結果、棚式の机の場合、購入後三か月で約八〇%の子どもが物置にしていることがわかっ
た。最近の机にはいろいろな機能がついている。が、子どもがそれにあきたとき、机はそのま
ま物置台になる。机は買うとしても、棚のない平机をすすめる。あるいは低学年児の場合、机
はまだいらない。たいていの子どもは台所のテーブルなどを利用して勉強している。この時期
は勉強をあまり意識するのではなく、「勉強は楽しい」という思いを大切にする。親子のふれあ
いを大切にする。子どもに向かっては、「勉強しなさい」ではなく、「一緒にやろうね」と言うなど。



●学習机を置くポイント



 そこで調べてみると、いくつかのポイントがあるのがわかる。



(1)机の前には、できるだけ広い空間を用意する。 

(2)棚や本棚など、圧迫感のあるものは背中側に配置する。

(3)座った位置からドアが見えるようにする。(4)光は左側からくるようにする(右利き児の場
合)。

(5)イスは広く、たいらなもの。かためのイスで、机と同じ高さのひじかけがあるとよい。
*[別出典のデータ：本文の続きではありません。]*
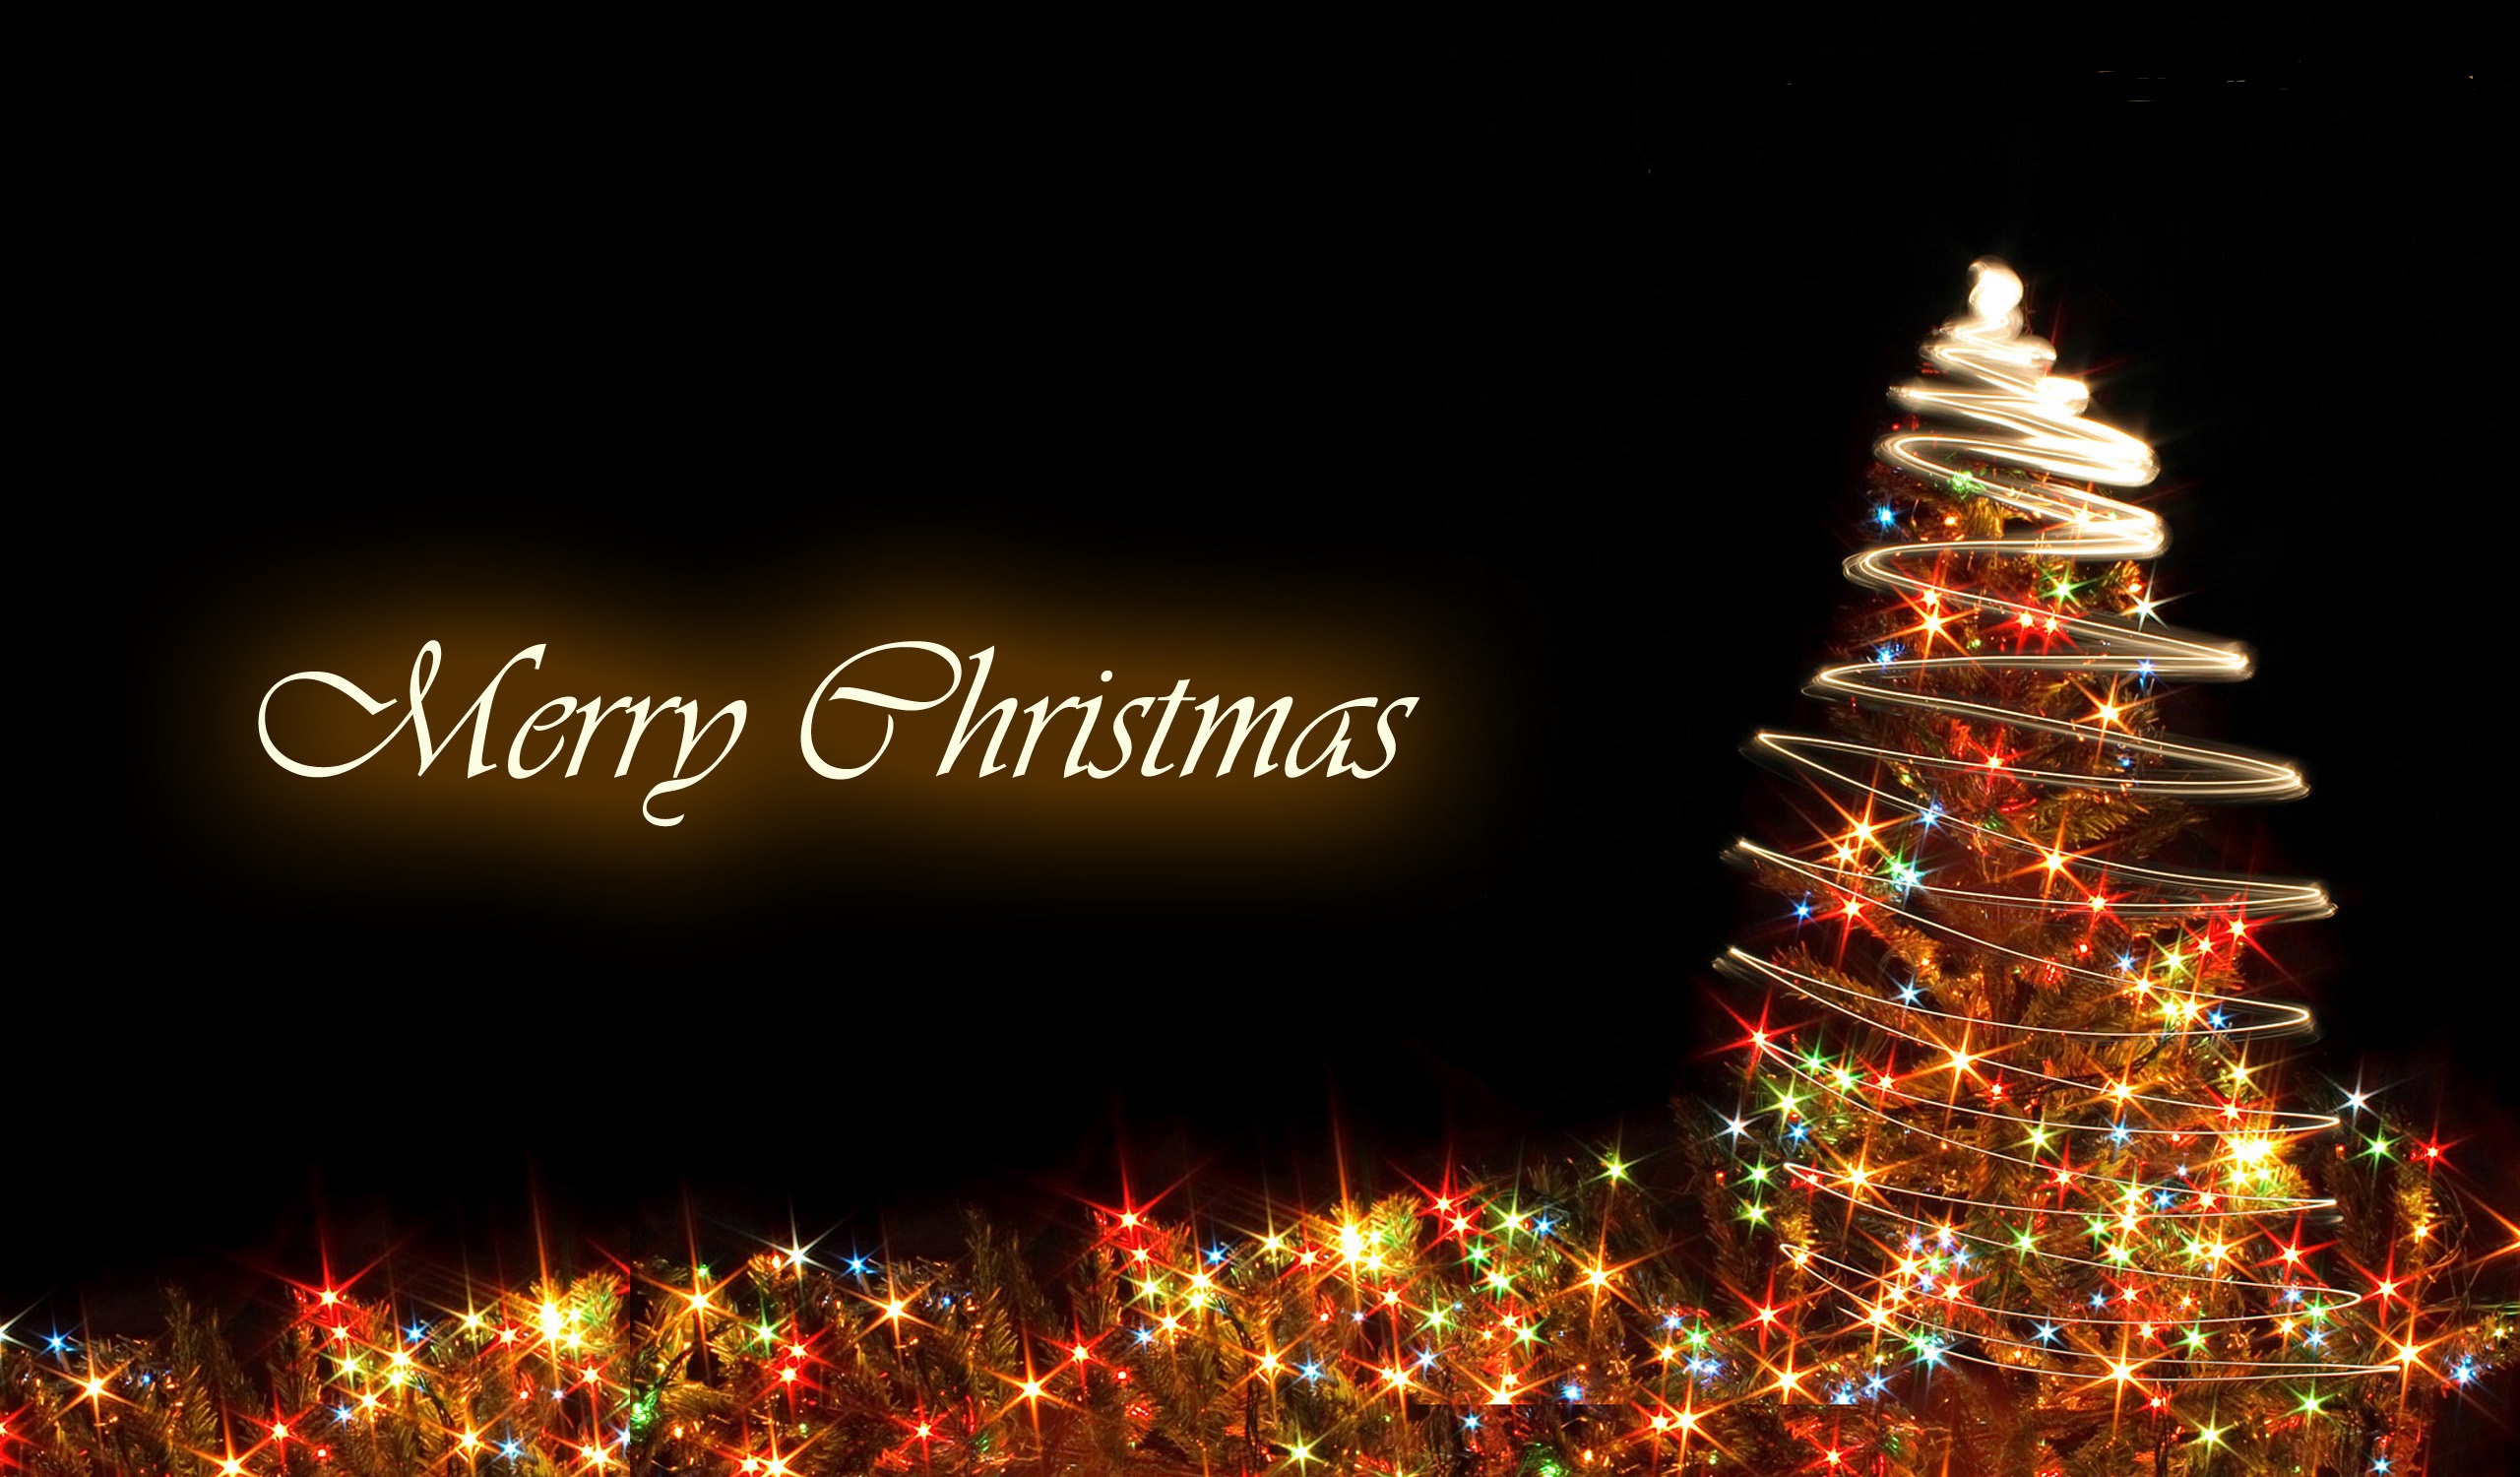 Merry Christmas Images Hd 2022 Free Download : Free Download Merry

(6)窓の位置が重要なポイント。窓に向けて机を置くというのが一般的だが、あまり見晴らしが
よすぎると、気が散って勉強できないということもある。



 机の前に広い空間があると、開放感が生まれる。ドアが背中側にあると、心理的に落ち着か
ない。意外と盲点なのが、イス。深々としたイスはかえって疲れる。ひじかけがあると、作業が
格段と楽になる。ひじかけがないと、腕を机の上に置こうとするため、どうしても体が前かがみ
になり、姿勢が悪くなる。またイス全体が前にかがむようになっているイスがある。確かにその
ときは能率があがるかもしれないが、このタイプのイスでは体を休めることができない。

 また学習机をどこに置くかだが、子どもが学校から帰ってきたら、どこでどのように体を休め
るかを観察してみるとよい。好きなマンガなどを、どこで読んでいるかをみるのもよい。たいて
いは台所のイスとか、居間のソファの上だが、もし「うちの子は勉強しない」というのであれば、
思い切って、そういうところを勉強場所にしてみるとよい。子どもは進んで勉強するようになる
……かもしれない。



●相性を見極める



 ものごとには相性というものがある。子どもの学習をみるときは、その相性を大切にする。相
性があえば、子どもは進んで学習する。相性が合わなければ、子どもは何かにつけ、逃げ腰
になる。子どもの学習意欲そのものをつぶしてしまうこともある。子どもの学習を家庭で指導す
るときは、この相性を見極めながらする。



(勉強部屋診断)(図は、省略)詳しくは、http://www2.wbs.ne.jp/~hhayashi/

(子どもを伸ばす)→(学習環境)をご覧になってください。



◎棚が背側にあり、机の右前に窓があるという点で、配置としては問題ない。イスに座った位
置からは、窓の外がよく見え、勉強で疲れたときなど、そのまま気を休めることができる。ドア
が背側にあるので、やや不安は残るが、ほぼ理想的な勉強部屋といえる。この部屋の中学生
(中一男児)は、「マンガを読むときも、イスに座って読む」と話してくれた。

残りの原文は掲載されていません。